Stir in the water, and when everything looks craggy and lumpy, stir in the salt.
Mix in the oil.
Using your hands gather everything together into a ball of dough.
Knead the dough for 100 presses in the bowl or on a work surface, without adding flour
Cover the dough bowl with a large upturned bowl and leave it in a warm place, for the dough to double in size, which will take about an hour.
Rub some oil around the inside of a 1kg/2lb bread tin.
Press down the dough, add the walnuts and knead the dough for 50 presses.
Shape the dough and put it into your prepared tin.
Invert an upturned bowl over the tin and leave it to rise in a warm place for 40 minutes.
Pre-heat the oven.
Remove the upturned bowl and bake the bread for 45-50 minutes.

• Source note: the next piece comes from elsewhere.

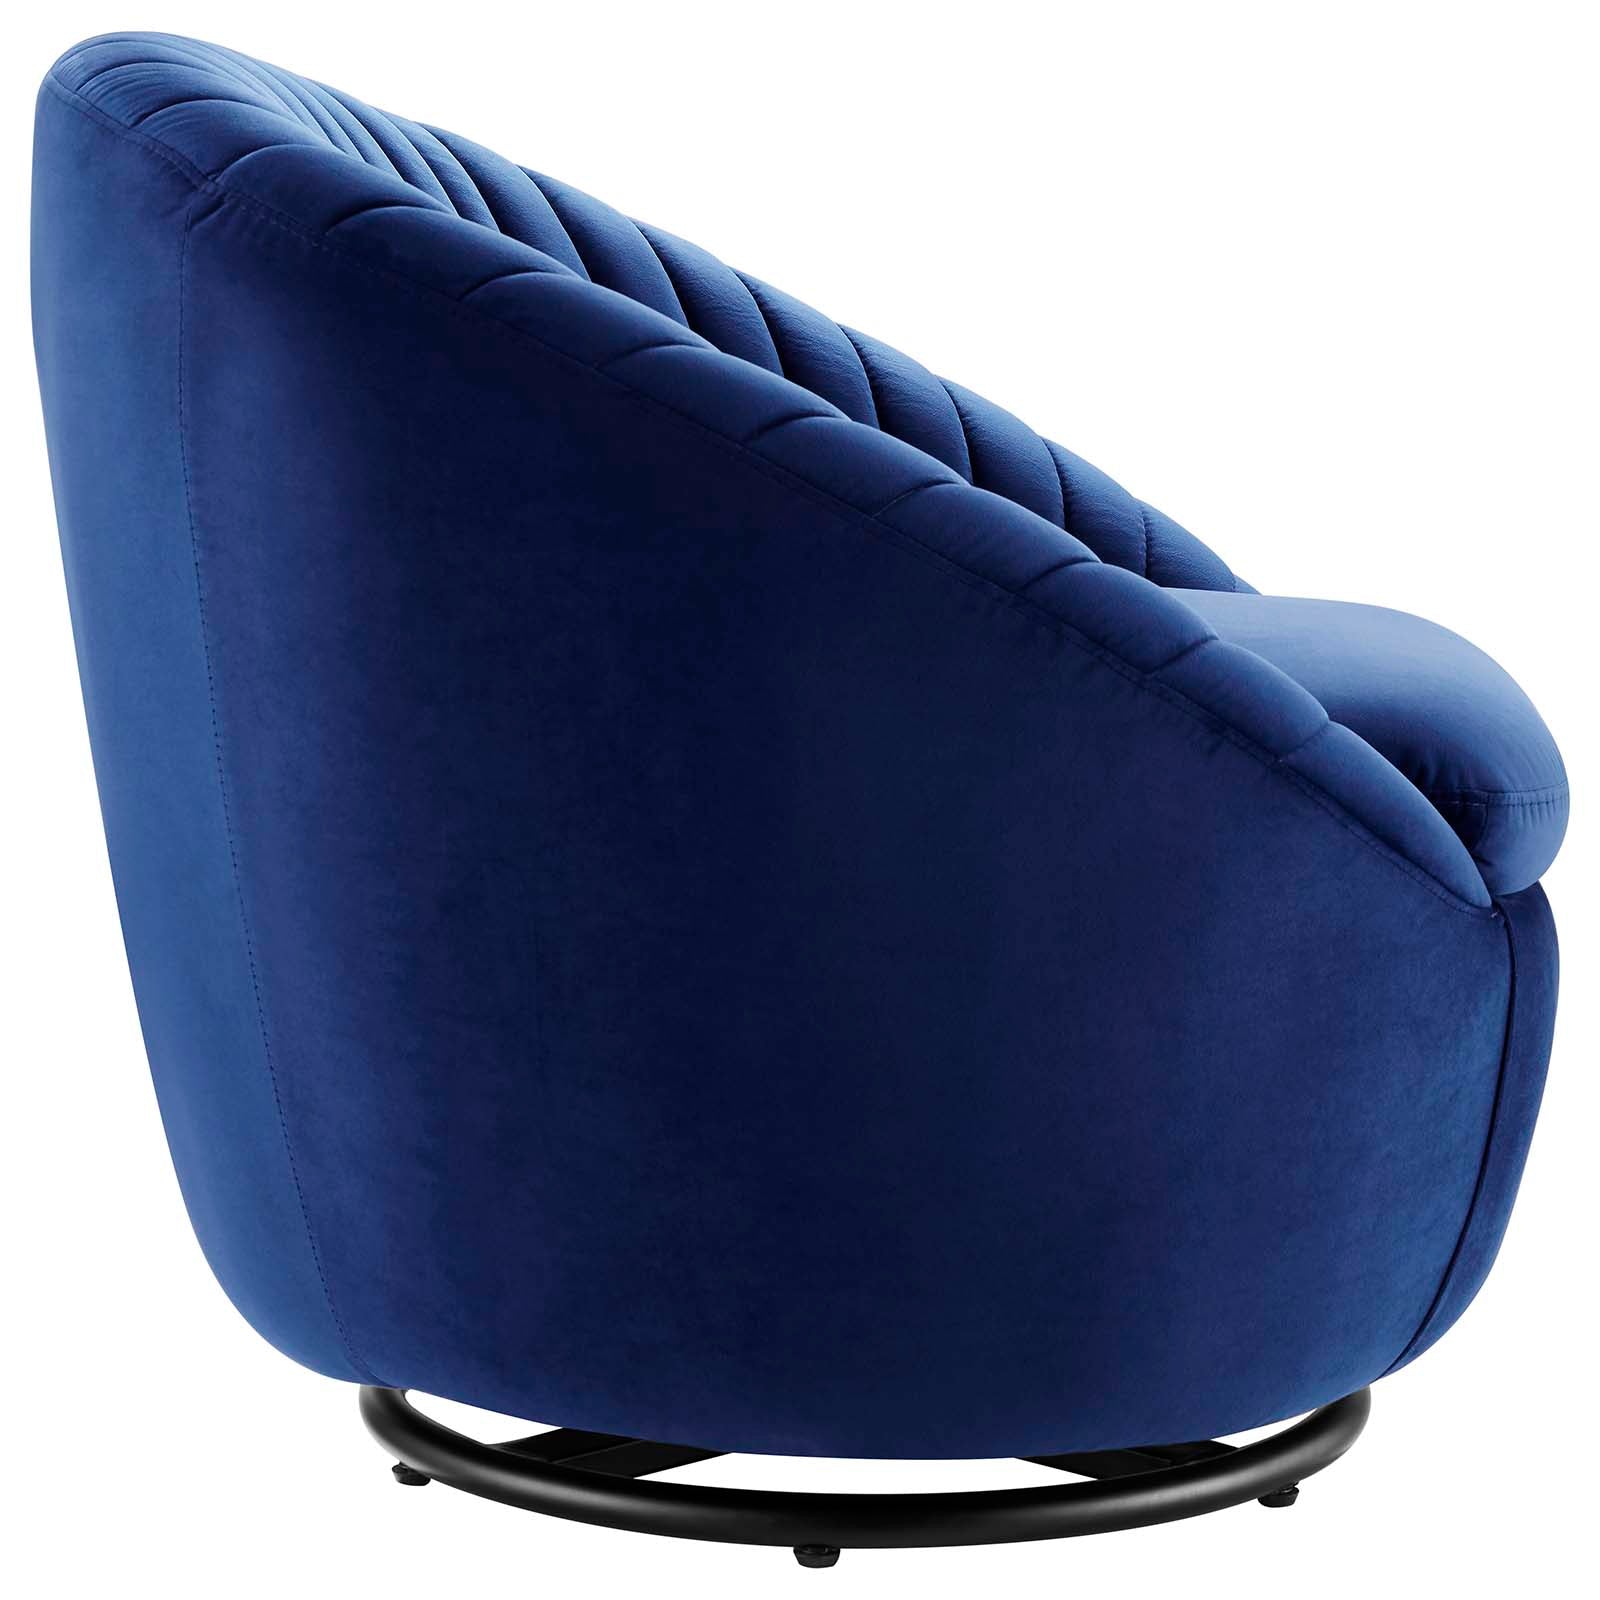 Modway Accent Chairs - Whirr Tufted Performance Velvet Performance Velvet Swivel Chair Black Navy

You will know it’s done when the bottom sounds hollow when tapped.
Leave the bread to cool on a wire rack.
1kg/2lb bread tin and mixing bowls
220˚C, Fan 200˚C, 425˚F, Gas 7
My first attempt at making bread during lockdown. It turned out very well and I was so pleased with myself. I used the full amount of walnuts - I love them! Delicious to eat and makes fantastic bread. Will most definitely be making it again!
By Karen Linfield
19 May 2020
The finished loaf hadn’t risen as much as in the photograph and maybe was a bit too dense But then I’m a novice baker. Maybe proving the dough in the fridge overnight wasn’t the thing to do. Apart from that the bread was tasty and I will definitely give it another try.
By Adrian M.
14 May 2020
Absolutely delicious, although I use 100g walnuts which is plenty. Prepare for lock down weight-gain with this recipe!